PUBLICATION
Folic acid-nanoscale gadolinium-porphyrin metal-organic frameworks: fluorescence and magnetic resonance dual-modality imaging and photodynamic therapy in hepatocellular carcinoma
- Authors
- Chen, Y., Liu, W., Shang, Y., Cao, P., Cui, J., Li, Z., Yin, X., Li, Y.
- ID
- ZDB-PUB-181228-5
- Date
- 2018
- Source
- International Journal of Nanomedicine 14: 57-74 (Journal)
- Registered Authors
- Keywords
- dual-modality imaging, folic acid, hepatocellular carcinoma, nanoscale gadolinium-porphyrin metal-organic frameworks, photodynamic therapy
- MeSH Terms
-
- Animals
- Carcinoma, Hepatocellular/drug therapy*
- Carcinoma, Hepatocellular/pathology
- Cell Death
- Cell Survival/drug effects
- Embryo, Nonmammalian/drug effects
- Fluorescence
- Folic Acid/chemistry*
- Folic Acid/therapeutic use*
- Gadolinium/chemistry*
- Hep G2 Cells
- Humans
- Liver Neoplasms/drug therapy*
- Liver Neoplasms/pathology
- Magnetic Resonance Imaging*
- Metal-Organic Frameworks/chemical synthesis
- Metal-Organic Frameworks/chemistry*
- Nanoparticles/chemistry
- Nanoparticles/ultrastructure
- Photochemotherapy*
- Time-Lapse Imaging
- Zebrafish/embryology
- PubMed
- 30587985 Full text @ Int.

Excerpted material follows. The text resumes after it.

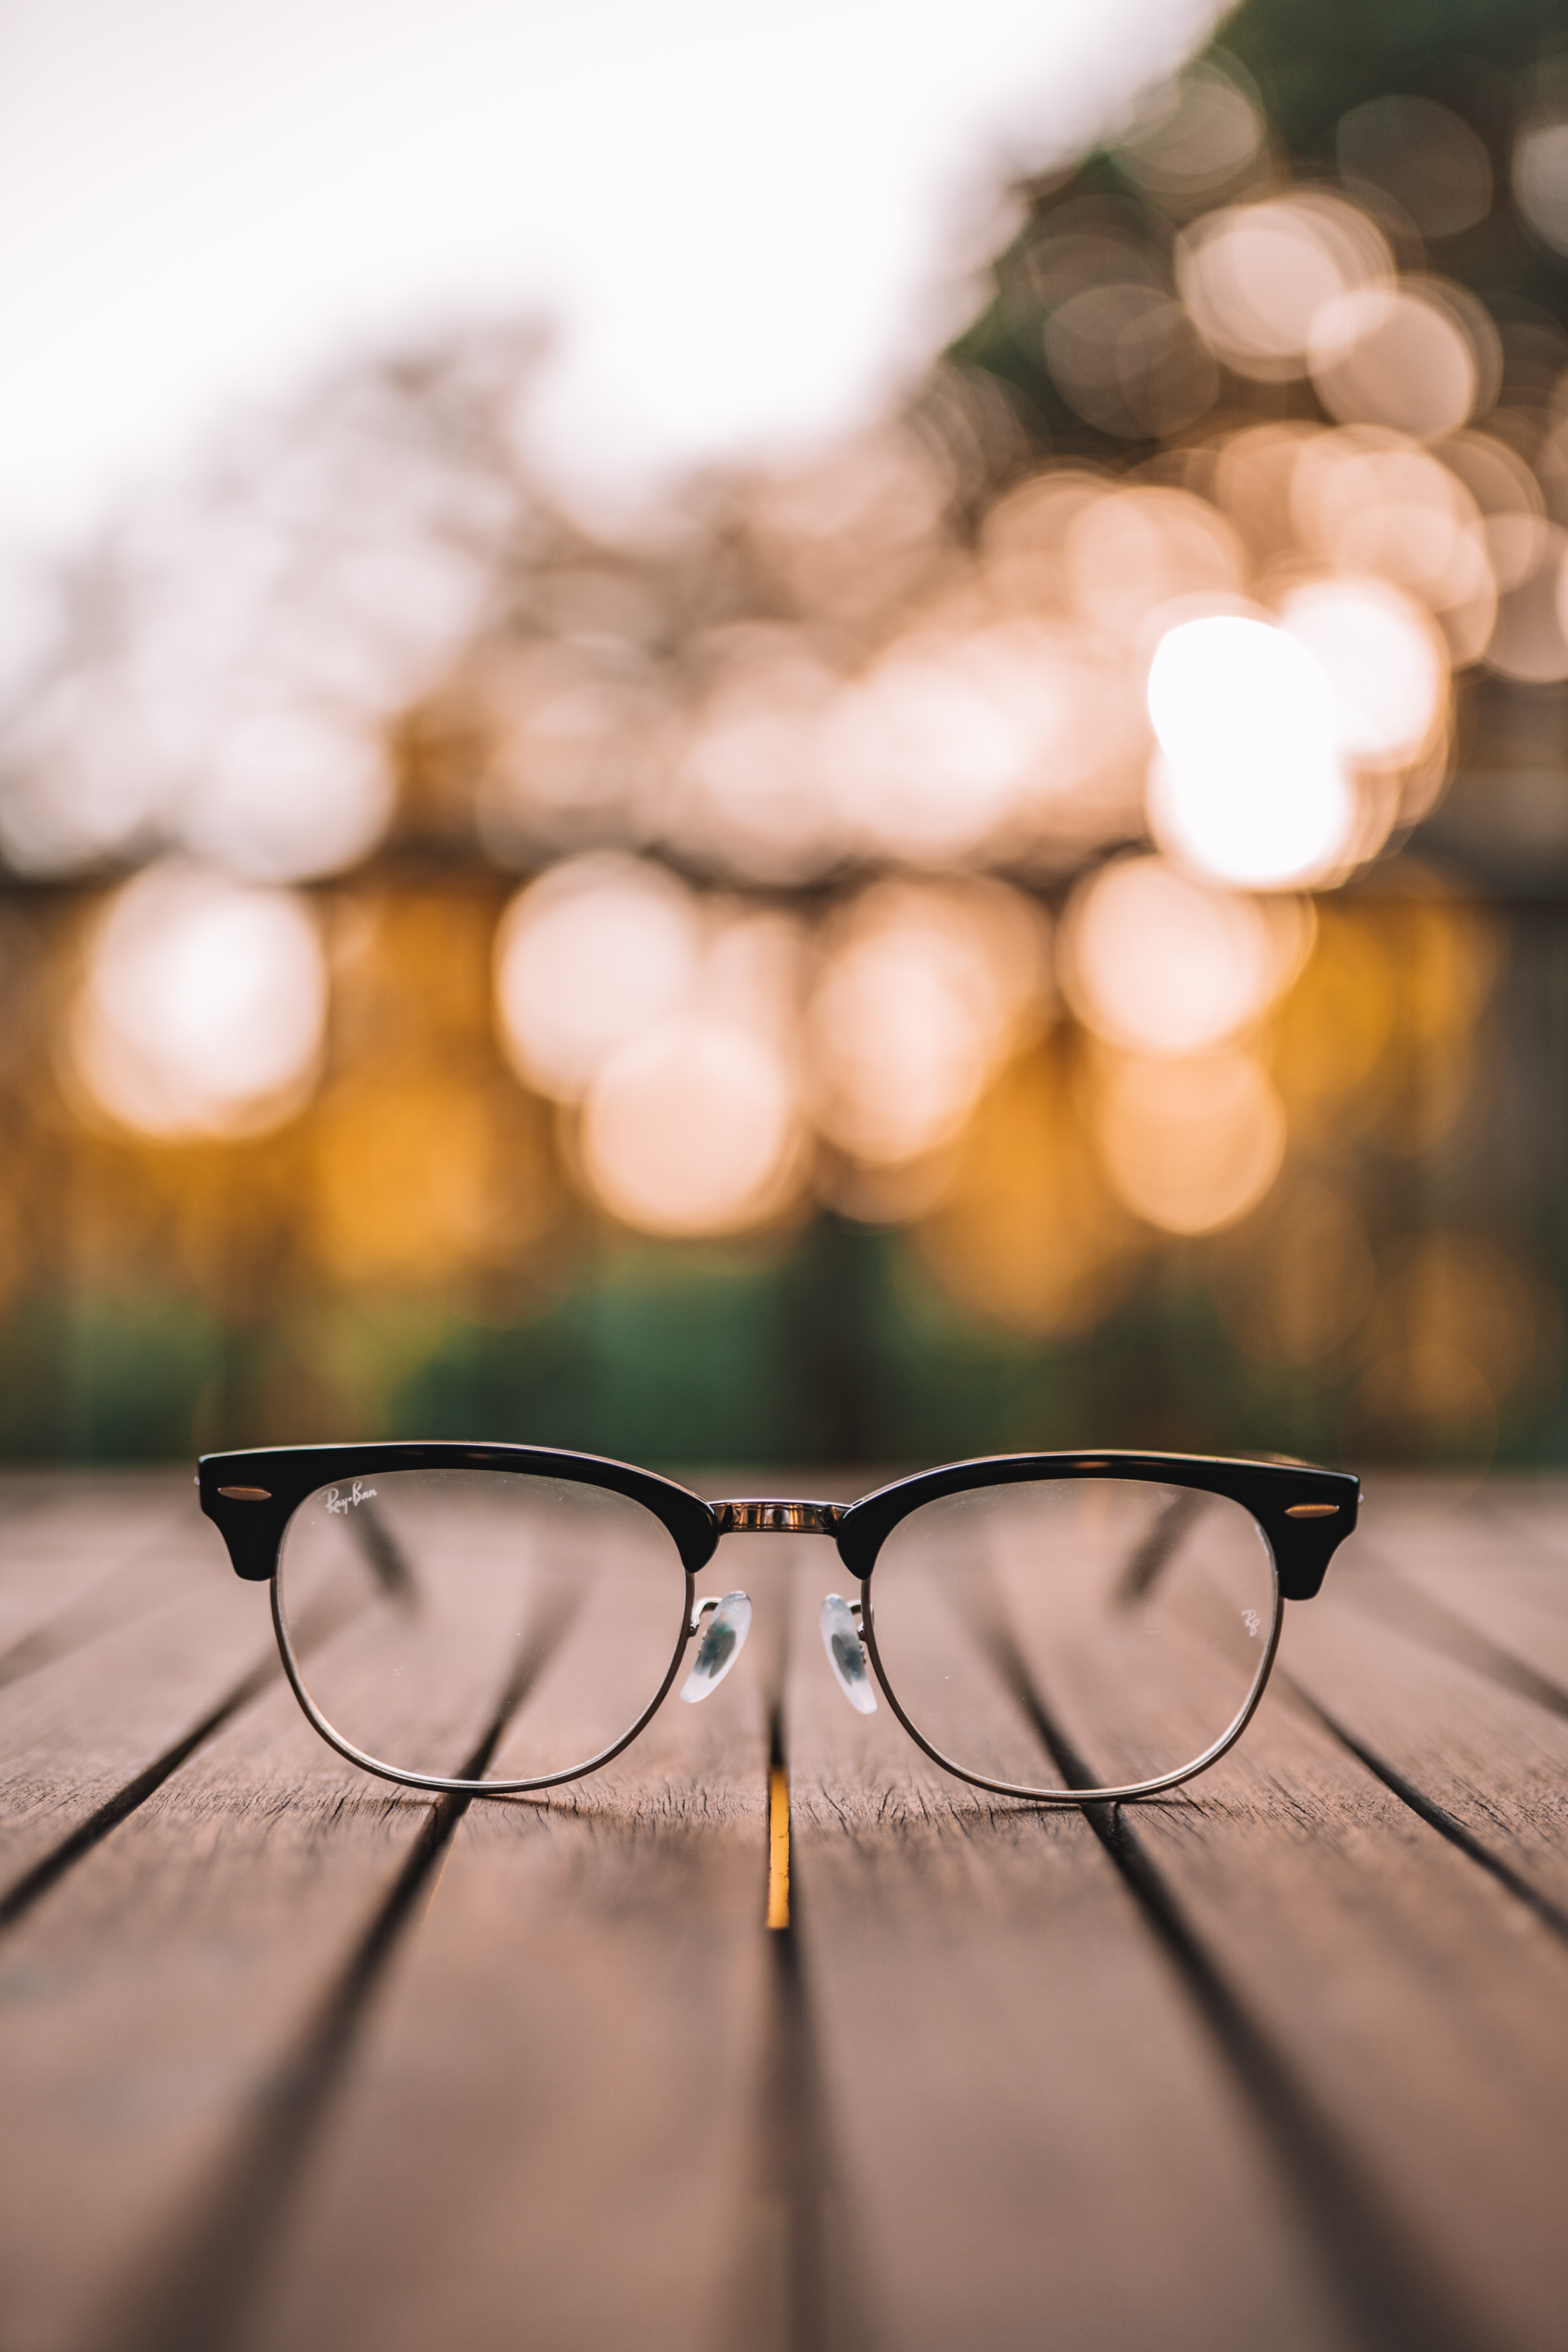 miscellanea, miscellaneous, wood, wooden, blur, smooth, lenses, planks, board, glasses, spectacles phone background
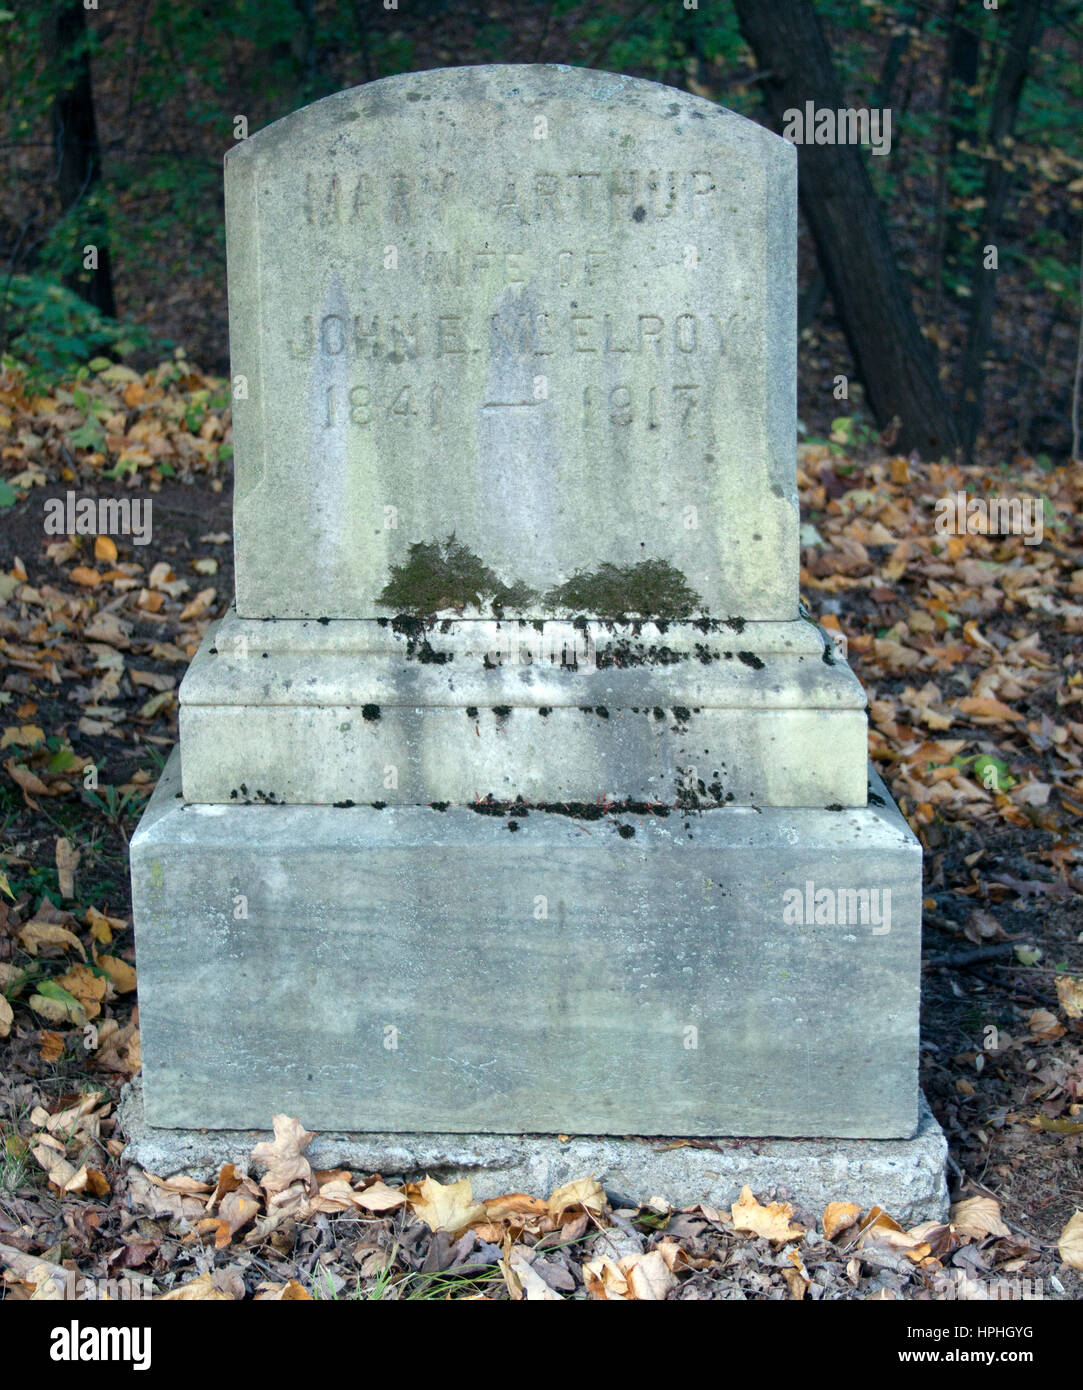 Mary Arthurs grave in Albany New York. She was the sister of President Arthur and served as First Lady when his wife died. Stock Photo

J. Nanomedicine
Citation
Chen, Y., Liu, W., Shang, Y., Cao, P., Cui, J., Li, Z., Yin, X., Li, Y. (2018) Folic acid-nanoscale gadolinium-porphyrin metal-organic frameworks: fluorescence and magnetic resonance dual-modality imaging and photodynamic therapy in hepatocellular carcinoma. International Journal of Nanomedicine. 14:57-74.
Abstract
Background Hepatocellular carcinoma (HCC) is the most common primary liver cancer and severely threatens human health. Since the prognosis of advanced HCC remains poor, there is an urgent need to develop new therapeutic approaches. Porphyrin metal-organic frameworks are a class of porous organic-inorganic hybrid functional materials with good biocompatibility.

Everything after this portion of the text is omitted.